L’affaire commence en 1985 quand Monsanto dépose une demande d‘homologation de la rBGH auprès de Health Canada (« Santé Canada »), l’homologue de la FDA. Cependant, Monsanto trouvera plus de résistance au Canada qu’elle n’en trouva au Etats-Unis. En effet, trois scientifiques, Shiv Chopra, Gérard Lambert et Margaret Haydon, du Bureau des médicaments vétérinaires (BVD) décident d’endosser le rôle de lanceurs d’alerte pour prévenir des irrégularités autour de l’autorisation imminente de la rBGH au Canada. En juin 1998, ils sont convoqués devant une commission d’enquête sénatoriale afin de témoigner des pressions dont ils ont été la cible pour taire la vérité sur la rBGH. Ainsi Shiv Chopra témoigne que « La Division ne cesse de dire que maintenant le client — et c’est écrit — c’est l’industrie et que nous devons servir le client, explique Shiv Chopra. Le conflit qui nous préoccupait au BVD, particulièrement dans la Division de la sécurité humaine, venait du fait que nous subissions des pressions et de la coercition pour autoriser des produits vétérinaires d’une sécurité douteuse, comme la rBST. […] » Toujours dans le cadre de cette enquête sénatoriale, fut entendue Margaret Haydon, à qui avait été confié l’examen de la demande d’autorisation de la rBGH de 1985 à 1994 mais qui a été progressivement dessaisie de l’affaire. Son témoignage est très inquiétant lorsqu’elle témoigne de fait d’espionnage : « Mes documents ont été volés dans mon bureau, pourtant fermé à clé, en mai 1994, raconte-t-elle. […] La plupart du travail que j’avais réalisé depuis dix ans sur la rBST avait disparu. J’ai décidé de faire un rapport et de l’envoyer à mon supérieur. Quand je suis rentrée, après le week-end, certains documents avaient réapparu. […]” Lorsque la commission lui demande si elle a été approchée par Monsanto, elle a ces mots : “ Je ne sais pas si le mot “lobbying” est le bon, mais j’ai assisté à une réunion, en 1989 ou 1990, où il y avait des représentants de Monsanto, mon superviseur, le docteur Drennan, et mon directeur, le docteur Messier. Lors de cette réunion, la société a proposé un à deux millions de dollars. Je ne sais pas ce qui s’est passé après, mais mon directeur m’avait dit qu’il allait en référer à ses supérieurs… » Le Dr Drennan a confirmé l’information par la suite, en indiquant qu’un rapport avait été fait mais qu’il n’y avait pas eu de suite…

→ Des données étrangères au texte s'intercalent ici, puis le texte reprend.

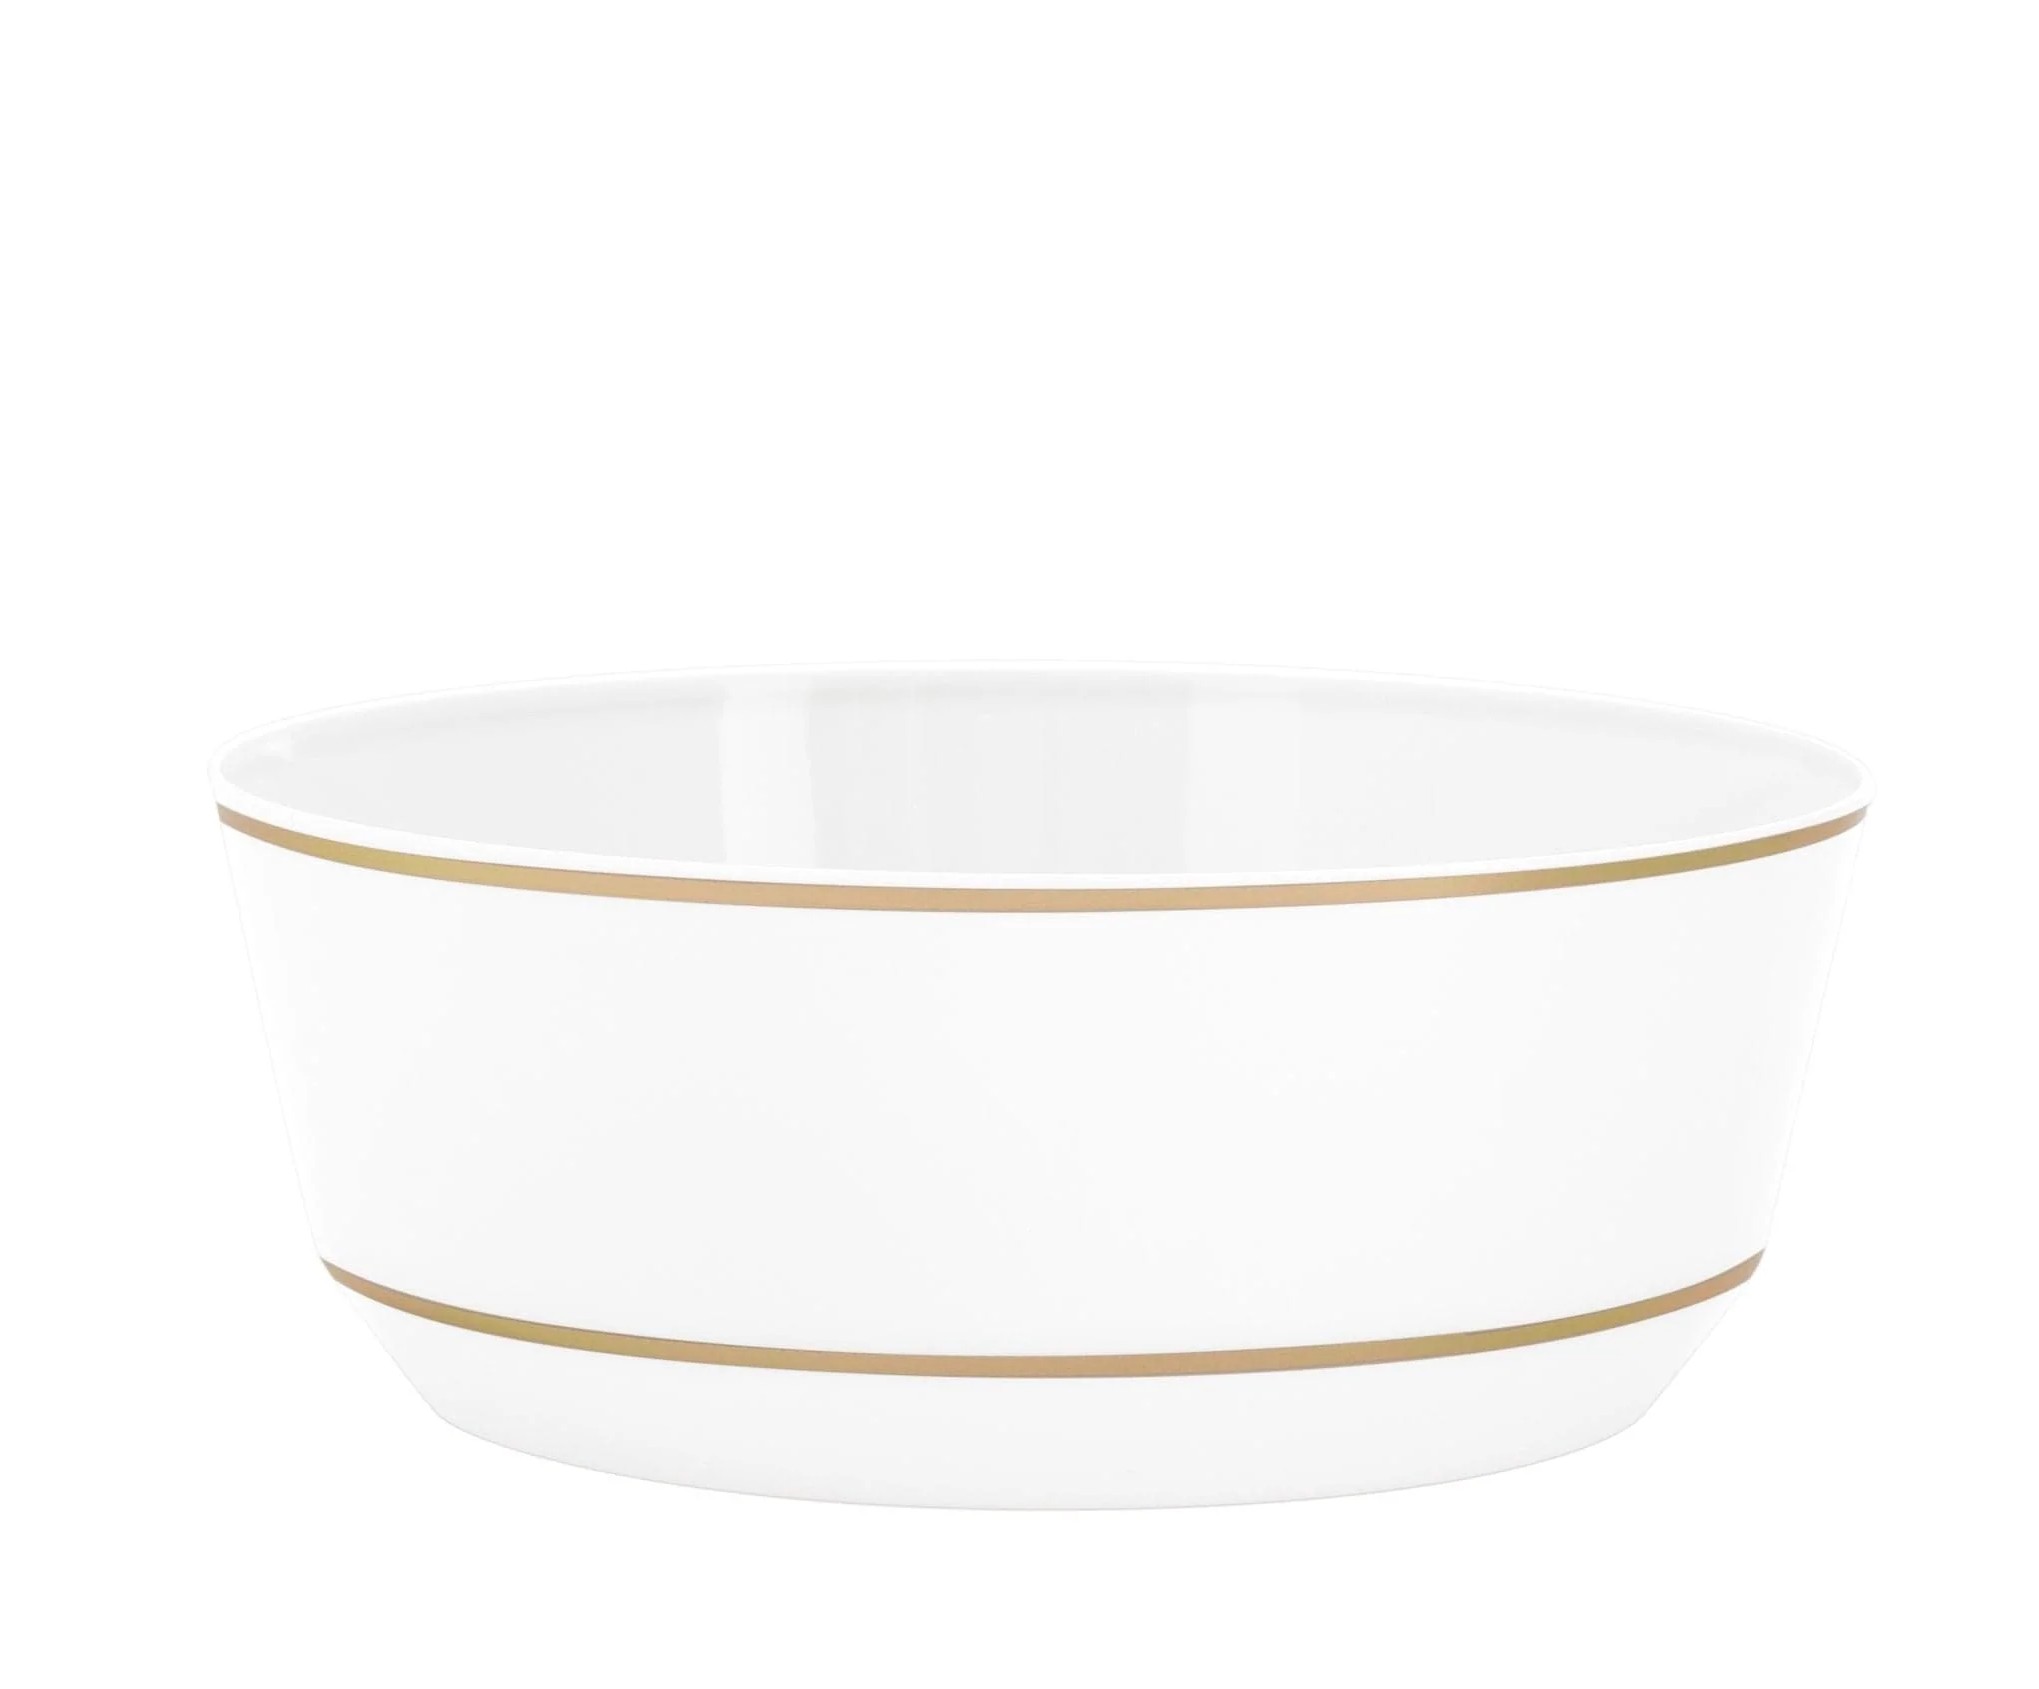 Luxe Party White Gold Rim Round Plastic Bowl 14 oz.- 10 pcs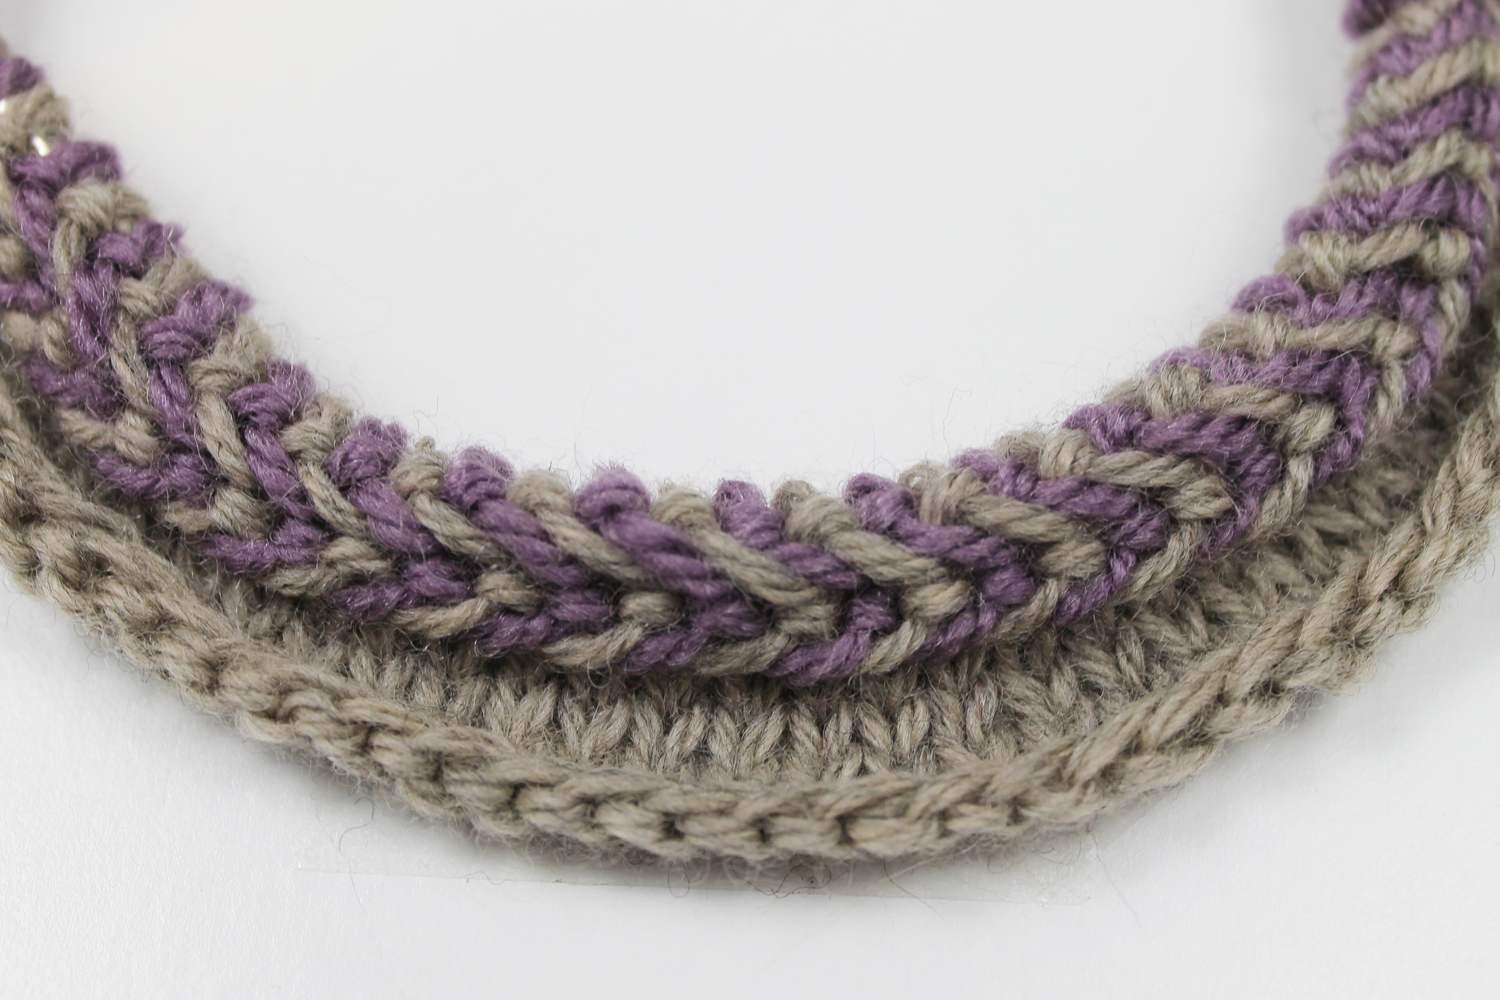 Knitting a Latvian braid

Les manières douteuses de Monsanto ont finalement conduit au rejet de la mise sur le marché canadien de l’hormone transgénique.





[1Depuis, Jane Akre et Steve Wilson ont accumulé les récompenses prestigieuses : prix de la déontologie de la Society for Professional Journalism ; prix Joe A.Callaway du courage civique ; prix de l’héroïsme en journalisme remis par l’Alliance pour la démocratie et Goldman Environmental Prize pour l’Amérique du Nord. Ainsi va l’Amérique…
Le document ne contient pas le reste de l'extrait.